While the original intent for data was archival, the enterprise needed usable datasets, as well as experienced professional clinical data managers. In the 1970s, the Public Health Service (USPHS) recognized the need for a well-educated CDM workforce with a Request for Proposal (RFP) providing funding for graduate-level education for clinical data managers. A new discipline was born. Unfortunately, the recognized need for data managers grew more rapidly than anticipated. When the USPHS funding ended, the curriculum was not continued at the university level, despite the need for well-educated data managers.

As increasingly complex requirements for data managers were highlighted, the data management group separated from the Pharmaceutical Research and Manufacturers of America® (PhRMA).
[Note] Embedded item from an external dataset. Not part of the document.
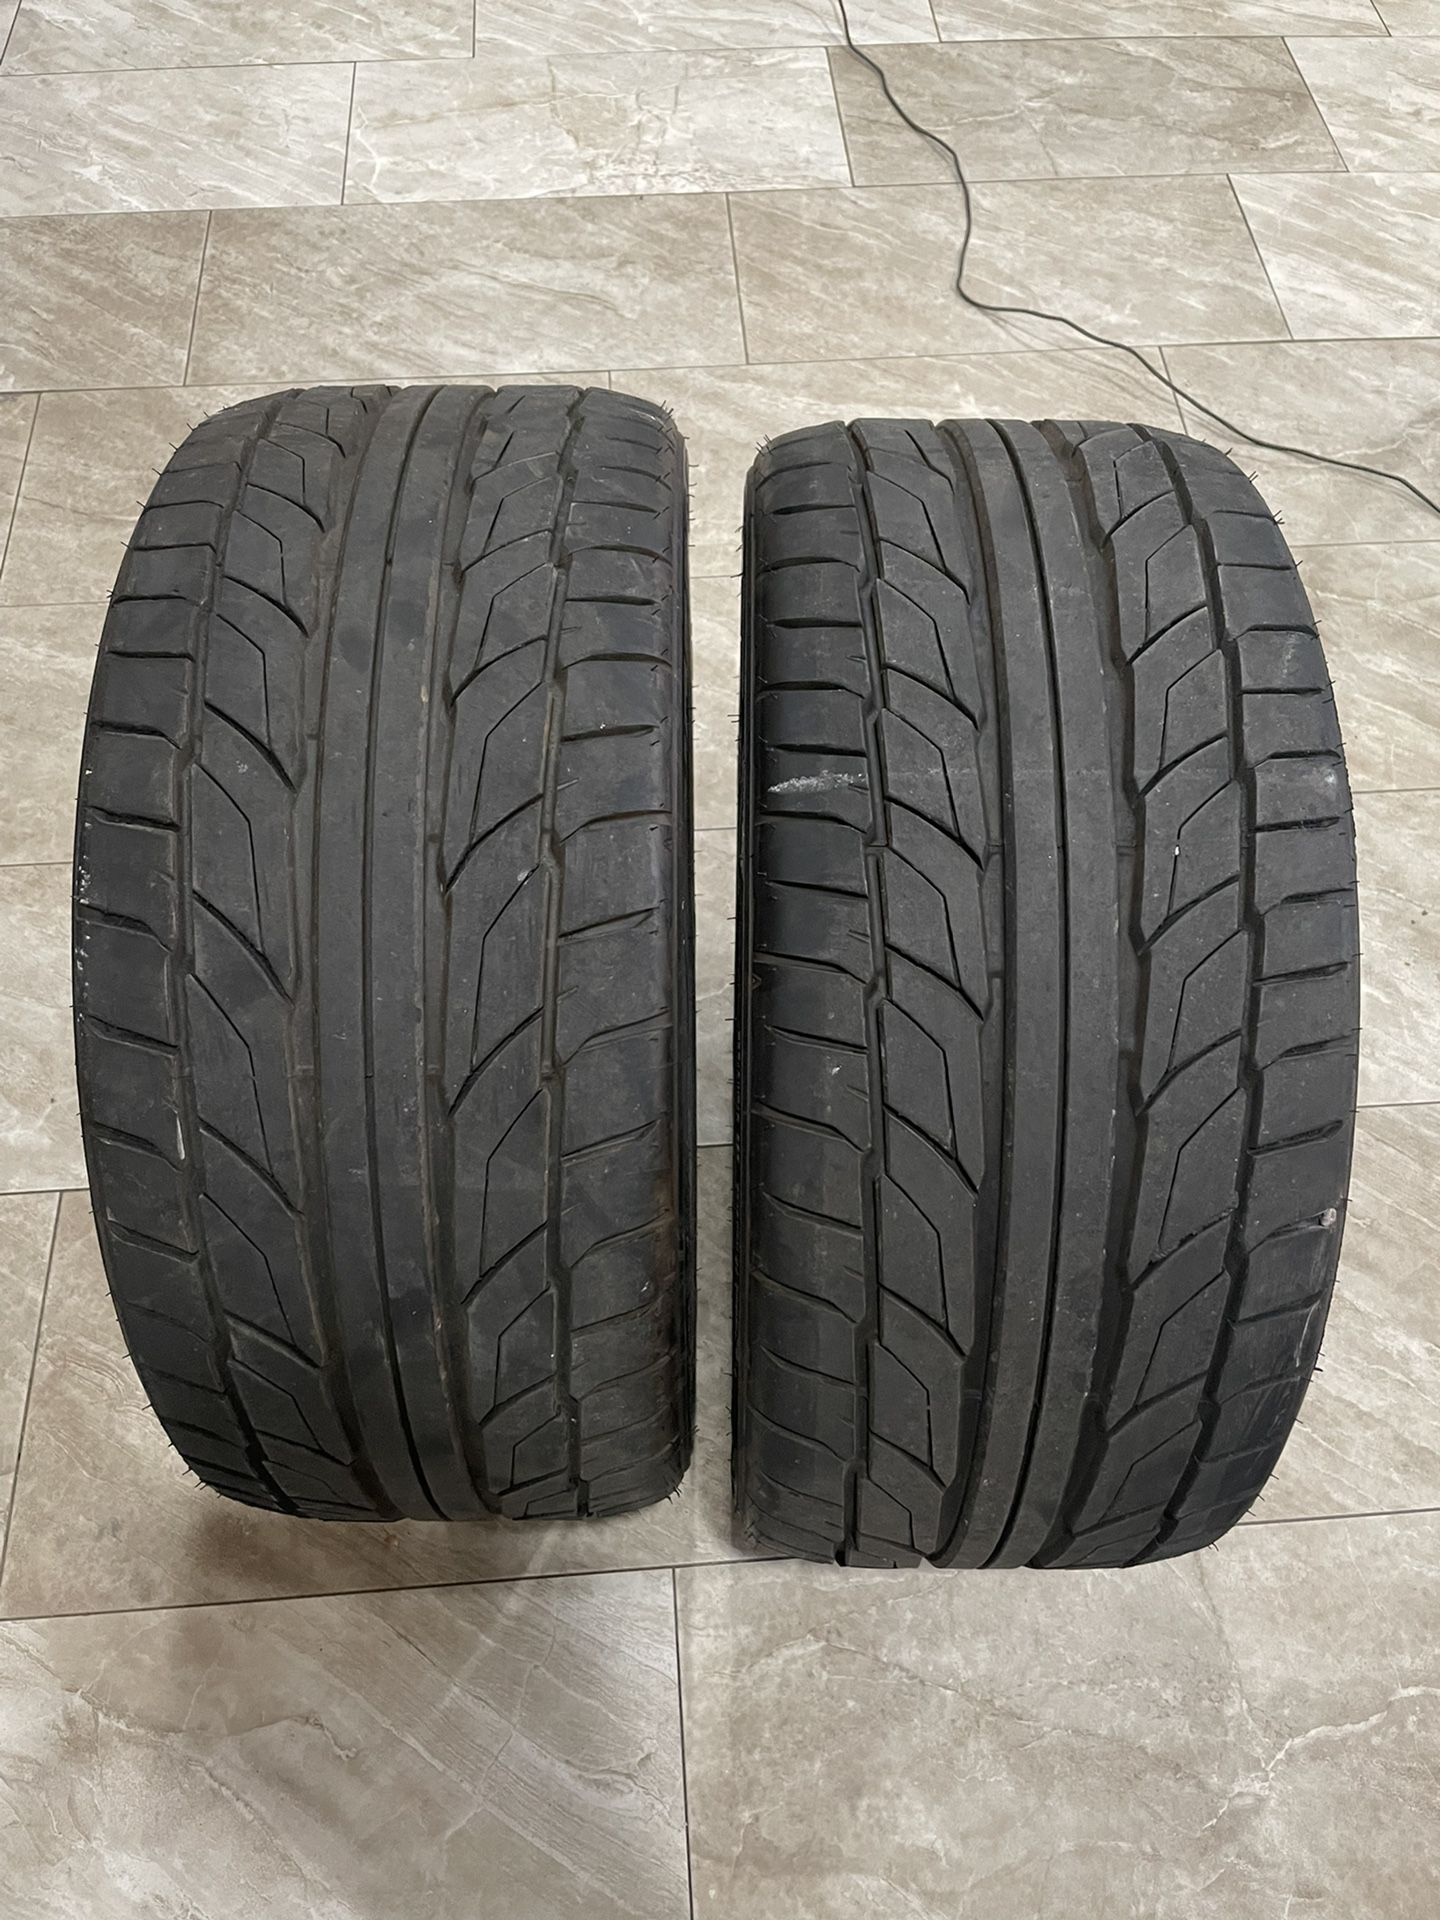 "Only 2 Wheels Size 18"" 255/35zR18 94 W - Nitto"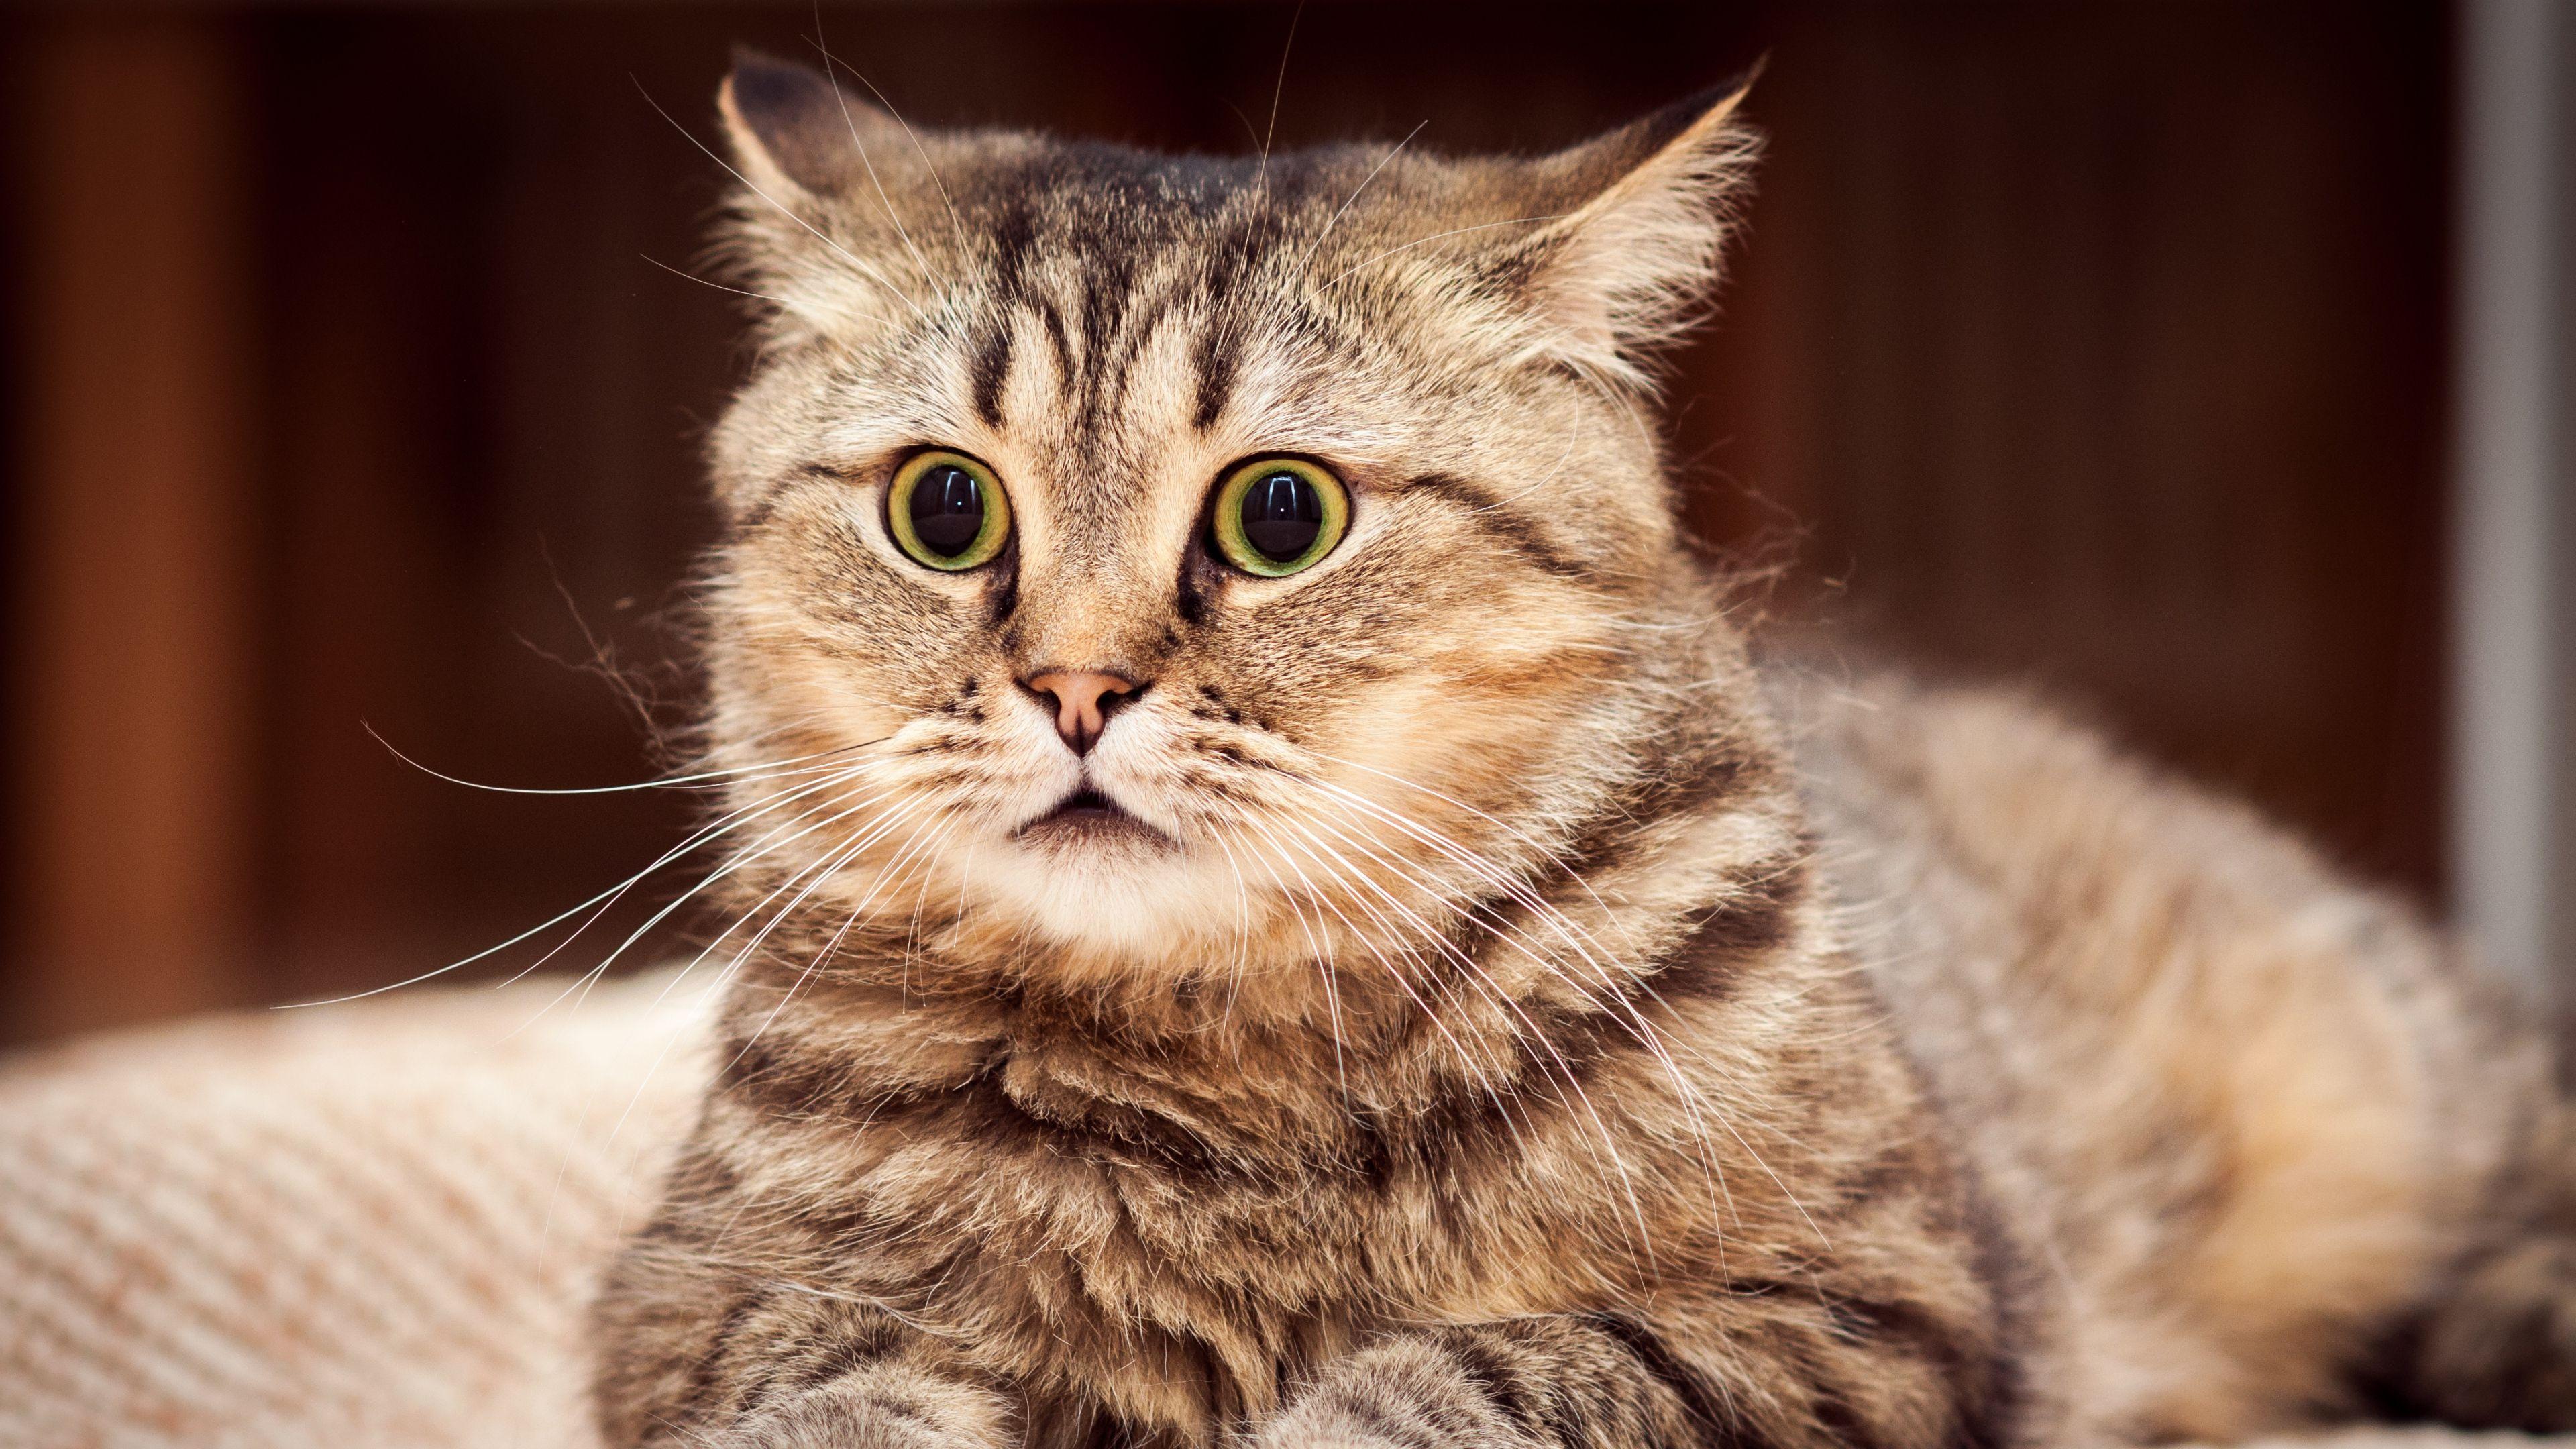 Cat 4k Wallpapers Top Free Cat 4k Backgrounds Wallpaperaccess

Subsequently, the group re-formed as the Society for Clinical Data Management (SCDM).

The mission of the SCDM, promoting clinical data management excellence, includes promotion of standards of good practice within clinical data management. In alignment with this part of the mission, the SCDM Board of Trustees established a committee in 1998 to determine standards for Good Clinical Data Management Practices (GCDMP) p. 2.

The initial version of the GCDMP was published in September 2000 and continues to be updated.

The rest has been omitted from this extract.